▶ Exercise
The listing that follows should be copied in full and exactly, with no pictures.

▶ Data below

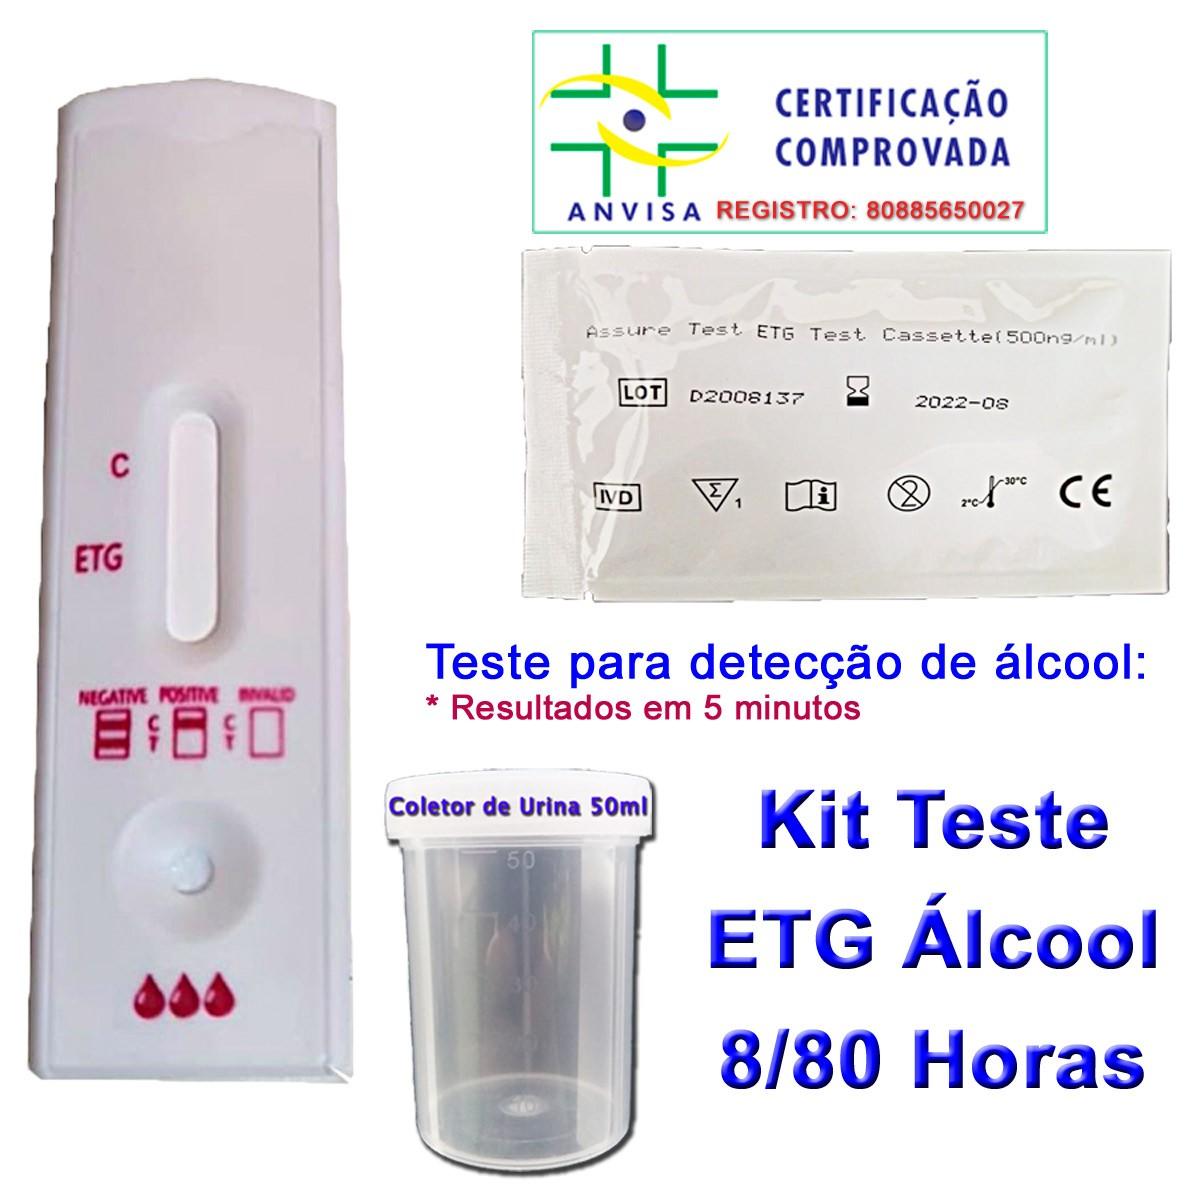 10 Testes Etg de Álcool Pela Urina  - Testes Para Drogas e COVID-19. Máscaras e Como Parar de Beber e Fumar
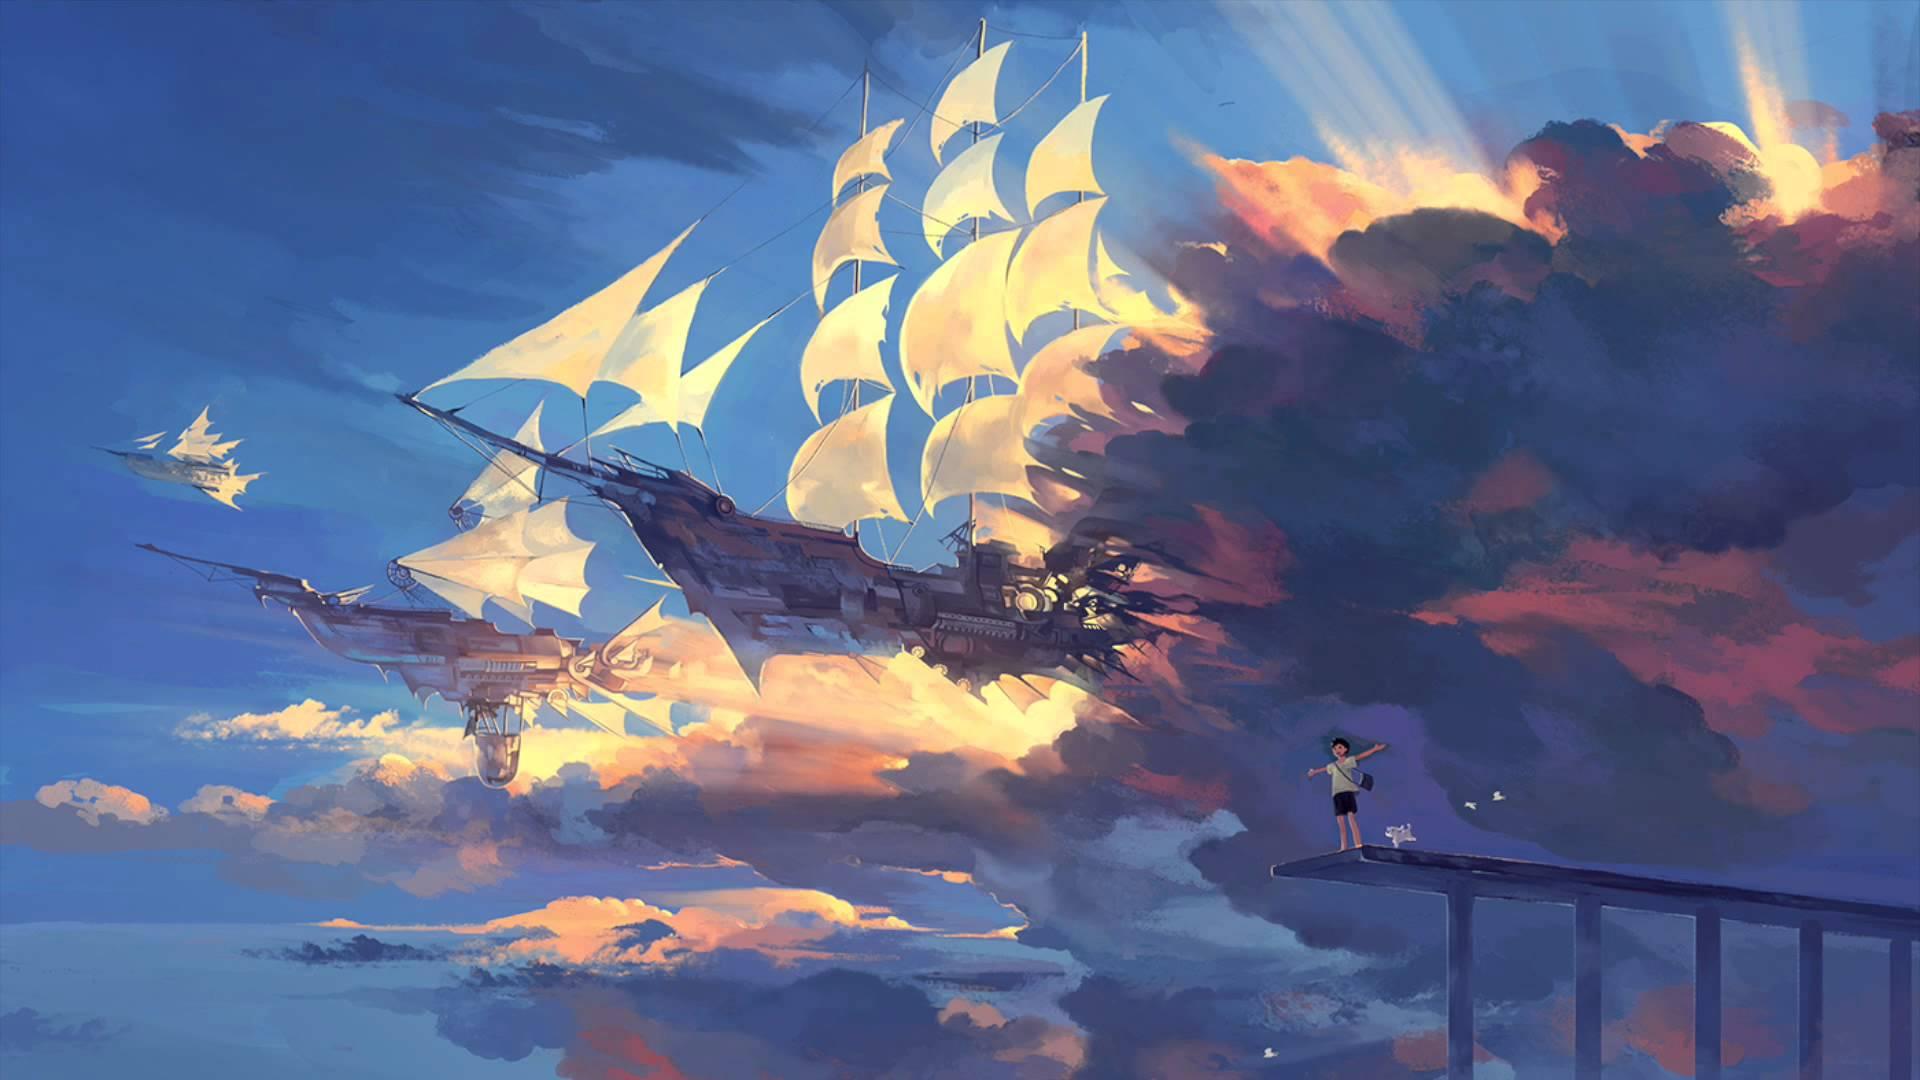 treasure-planet-wallpaper-12.jpg
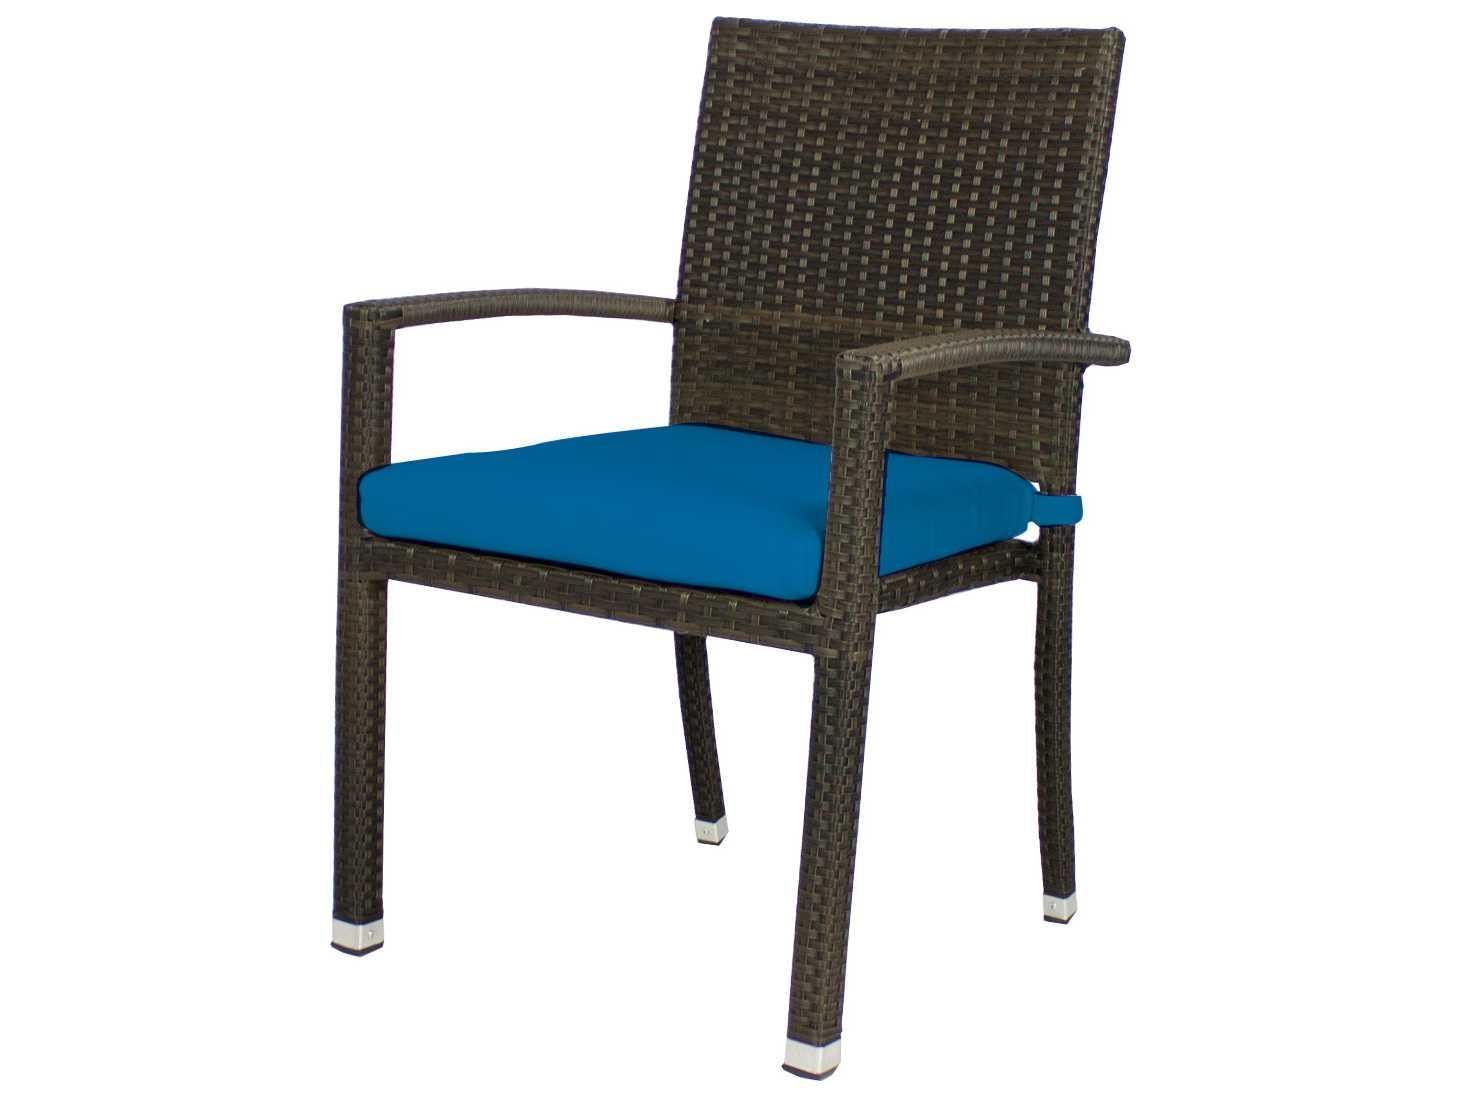 Source outdoor furniture zen wicker dining set zendinset1 for Source outdoor furniture
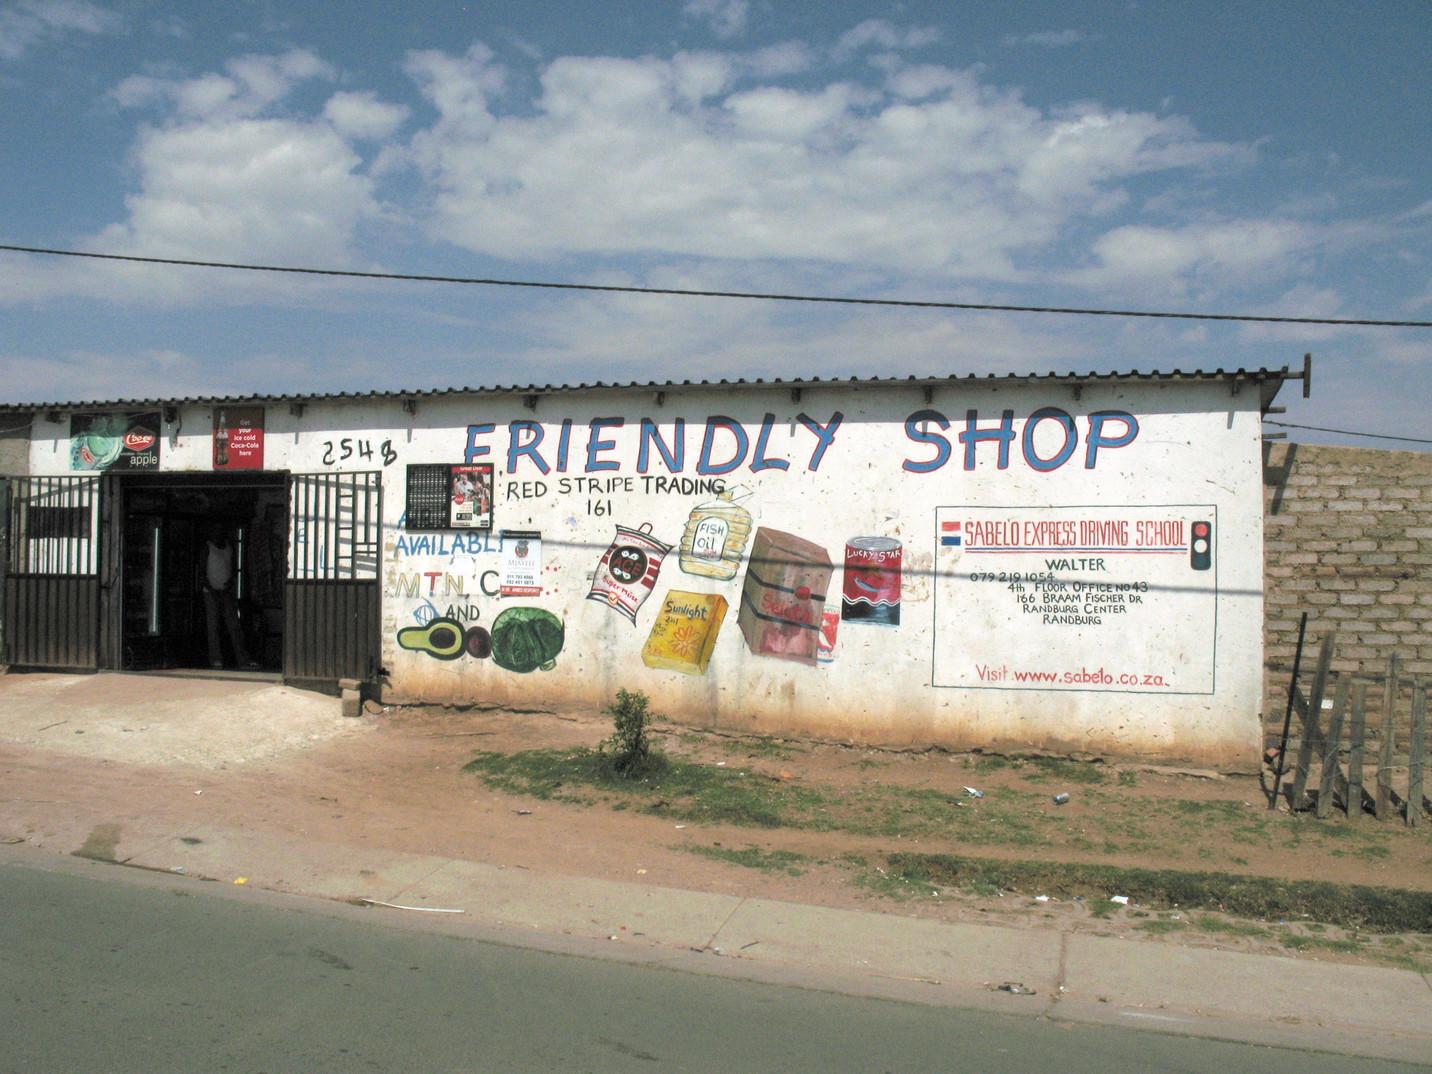 Friendly Shop, Cosmo City

▶ Solution to the problem
 10 Testes Etg de Álcool Pela Urina  - Testes Para Drogas e COVID-19. Máscaras e Como Parar de Beber e Fumar
 treasure-planet-wallpaper-12.jpg
 Source outdoor furniture zen wicker dining set zendinset1 for Source outdoor furniture
 Friendly Shop, Cosmo City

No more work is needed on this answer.